The Frequency of HBB Mutations Among β-Thalassemia Patients in Hamadan Province, Iran

Abstract

β-Thalassemia (β-thal) caused by mutations on the HBB gene is the most common single-gene disorder in the world. In this study, the HBB gene mutation was investigated in Hamadan province, Iran. Forty-one patients referred to a referral hospital were admitted to the study. DNA samples were extracted from peripheral blood. The HBB gene was sequenced in all recruited patients. Eleven mutations and eight polymorphisms were found in the studied patients. IVS-II-1 (G>A) (HBB: c.315+1 G>A) was the most common mutation, accounting for 25.61% of mutant alleles. Other mutations included codon 8 (–AA) (HBB: c.25−26delAA); IVS-I-110 (G>A) (HBB: c.93−21 G>A); codons 8/9 (+G) (HBB: c.27−28insG); IVS-I-1 (G>A) (HBB: c.92 G>A); codon 44 (–C) (HBB: c.135delC); codons 25/26 (+T) (HBB: c.78−79insT); IVS-I-130 (G>C) (HBB: c.93−1 G>C); –28 (A>C) (HBB: c.−78 A>C); codons 36/37 (–T) (HBB: c.112delT) and IVS-I-6 (T>C) (HBB: c.92+6 T>C).
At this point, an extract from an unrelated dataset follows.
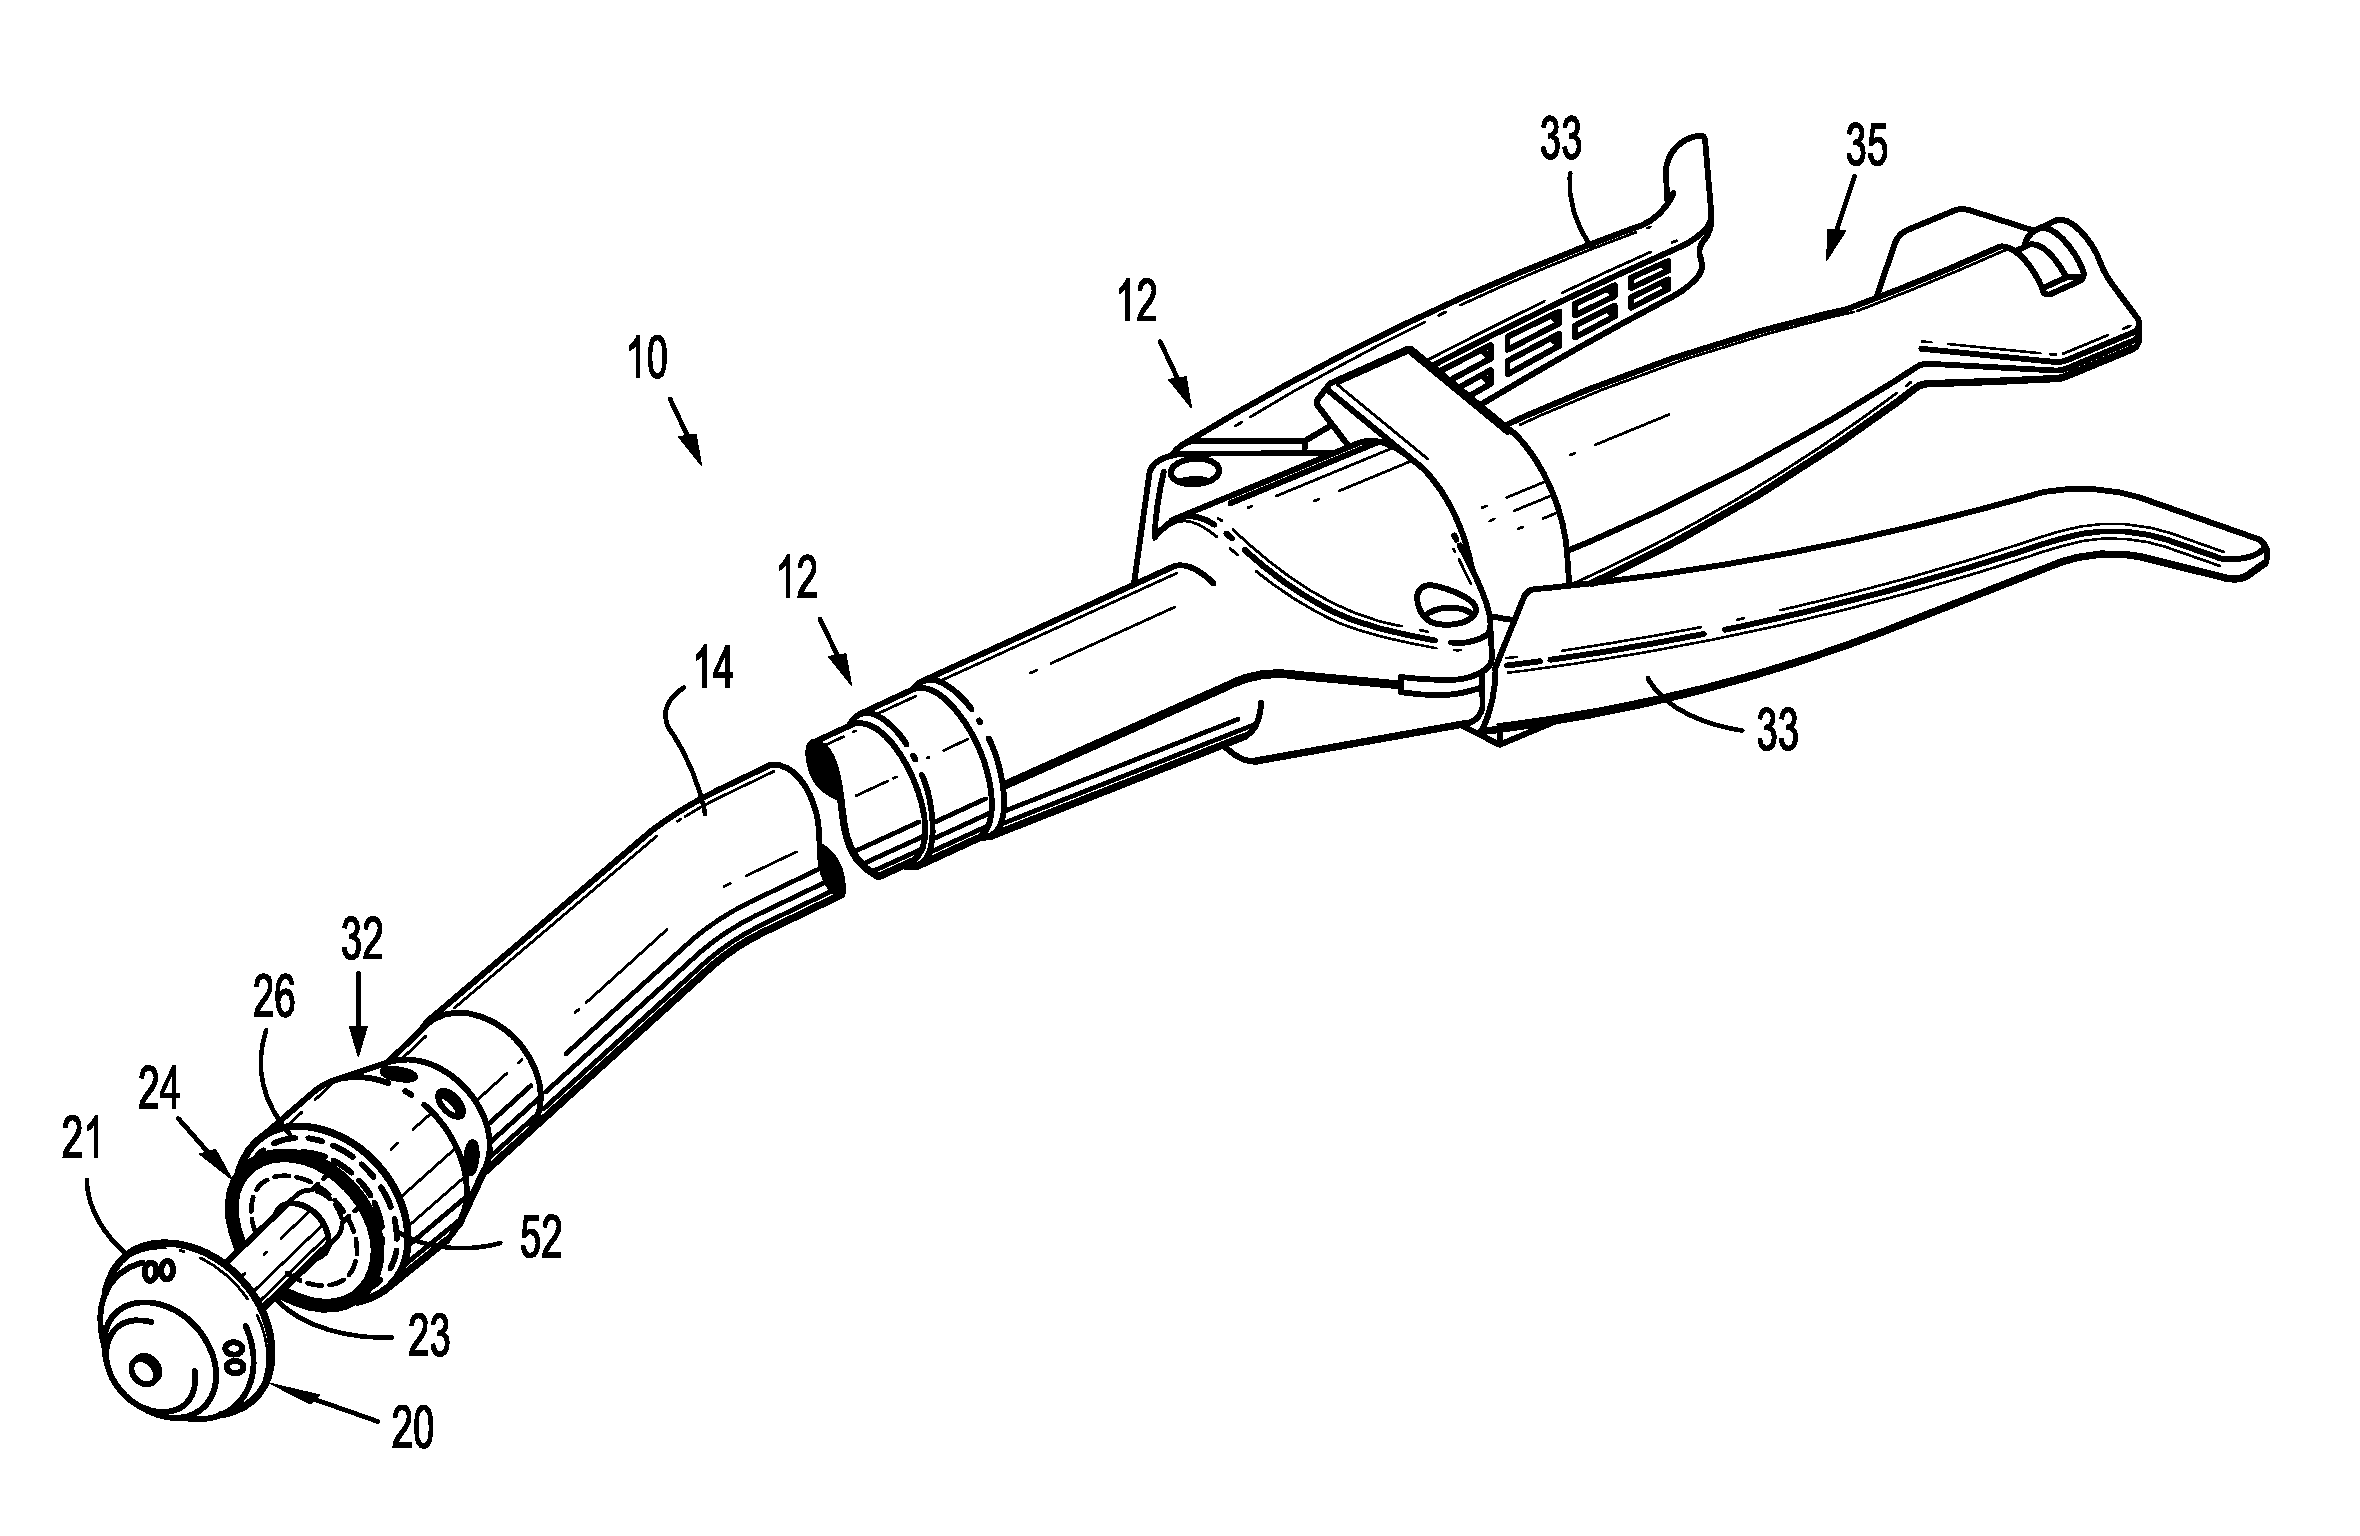 Surgical stapling apparatus including releasable surgical buttress

According to our findings, the IVS-II-1 mutation has the highest prevalence in Hamadan Province. It was found that the total frequency of the IVS-II-1, codons 25/26 (+T), codons 8/9 (+G), IVS-I-110 and IVS-I-1 mutations was 82.92%. Therefore, given these findings, it is recommended that these five mutations are screened for as a first step in laboratories without sequencing instruments, and that the rest of the gene is subsequently examined.